(Data provided Opens)

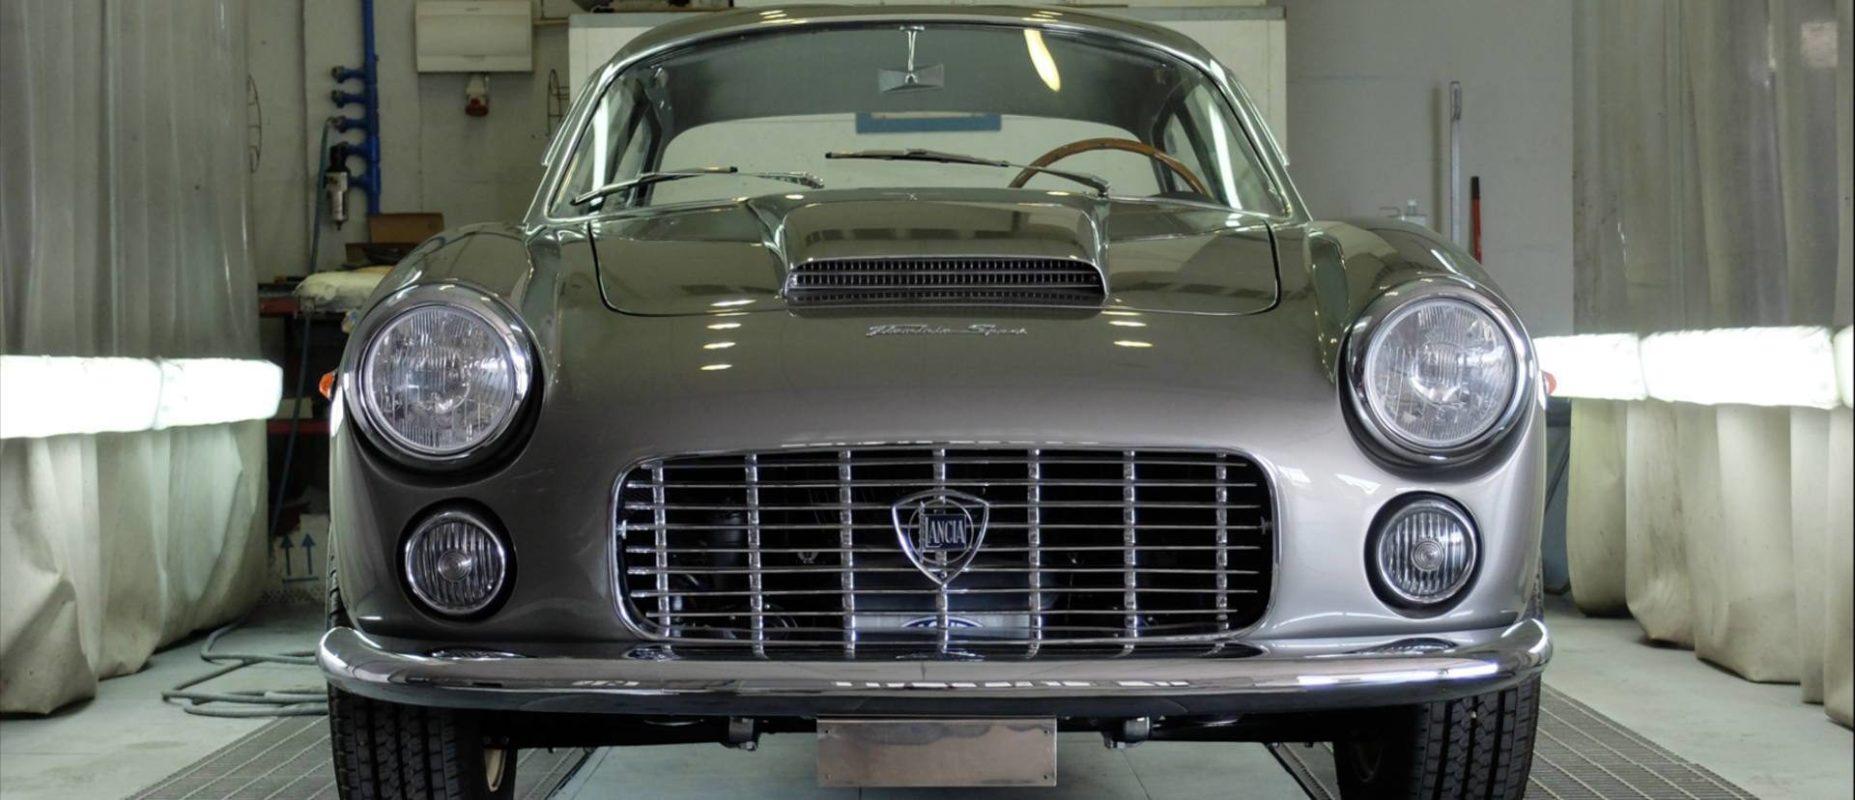 Venda e restauração de carros antigos
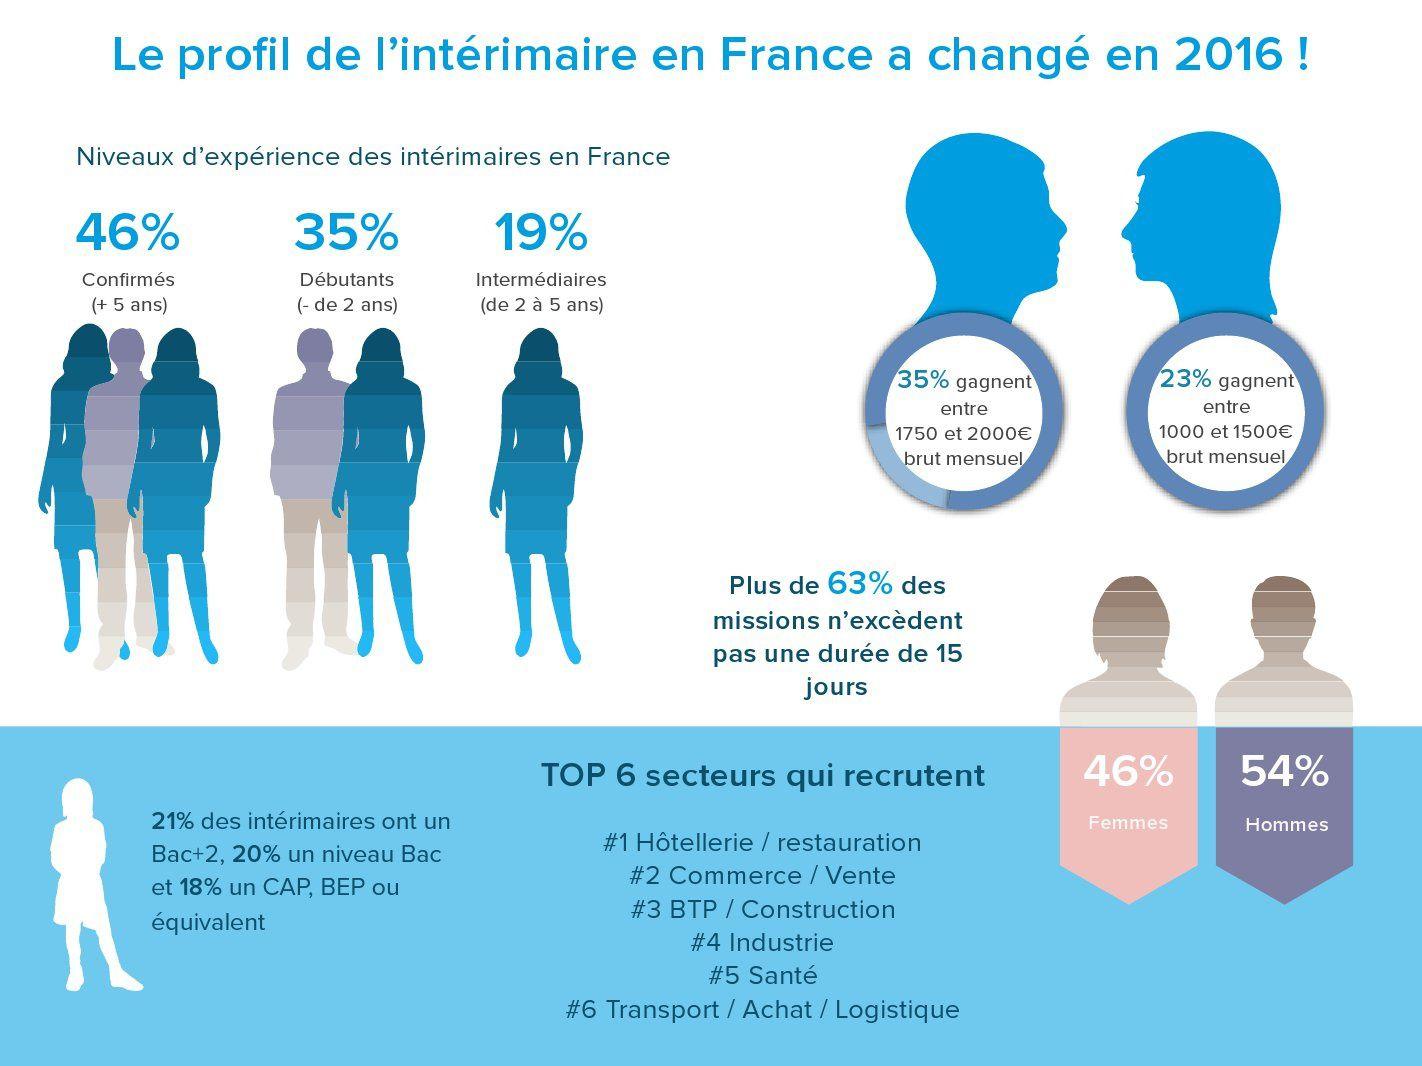 #Emploi : Le profil des intérimaires a bien changé en 2016 !
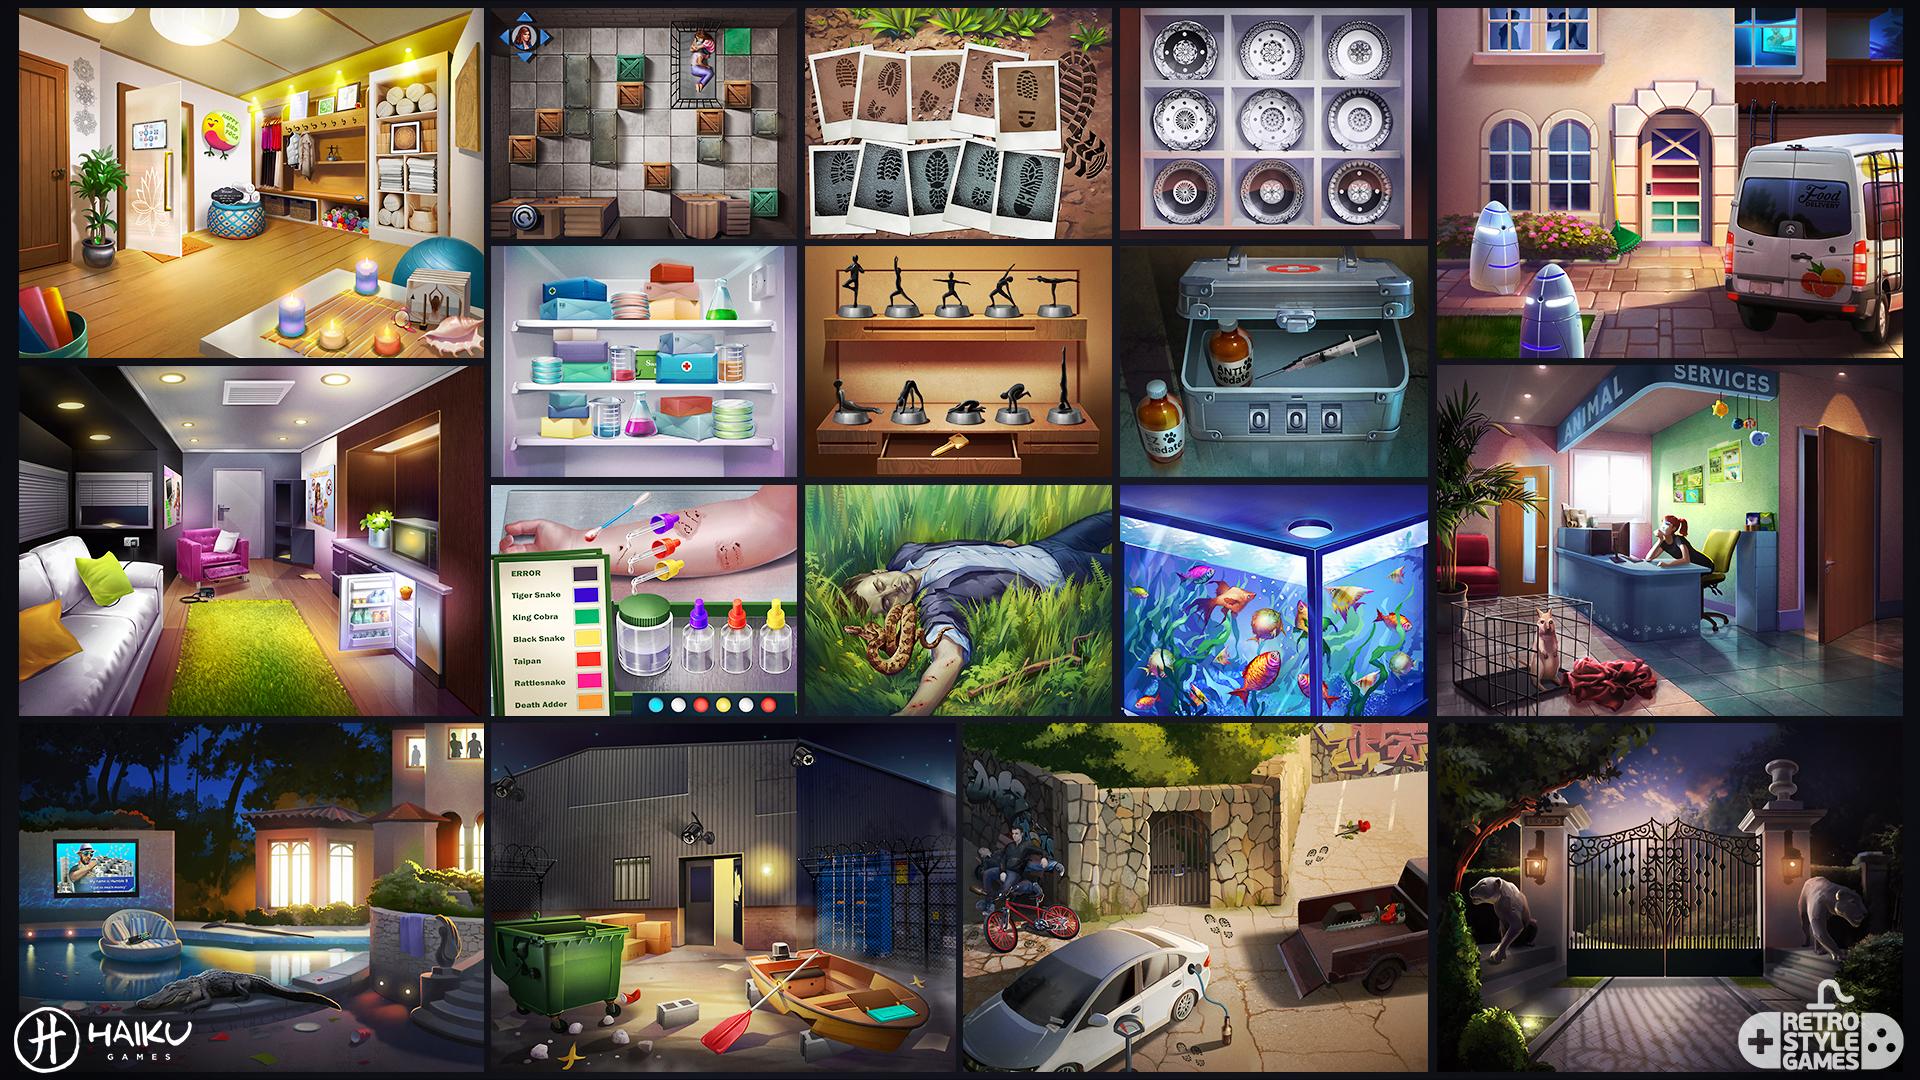 HAIKU Star Struck Adventure Escape full art sheet 2 backgrounds

(Data provided Closes)

Required action
When you repeat the lines above, keep them exact and leave out each image they contain.

Answer to the exercise
 Venda e restauração de carros antigos
 #Emploi : Le profil des intérimaires a bien changé en 2016 !
 HAIKU Star Struck Adventure Escape full art sheet 2 backgrounds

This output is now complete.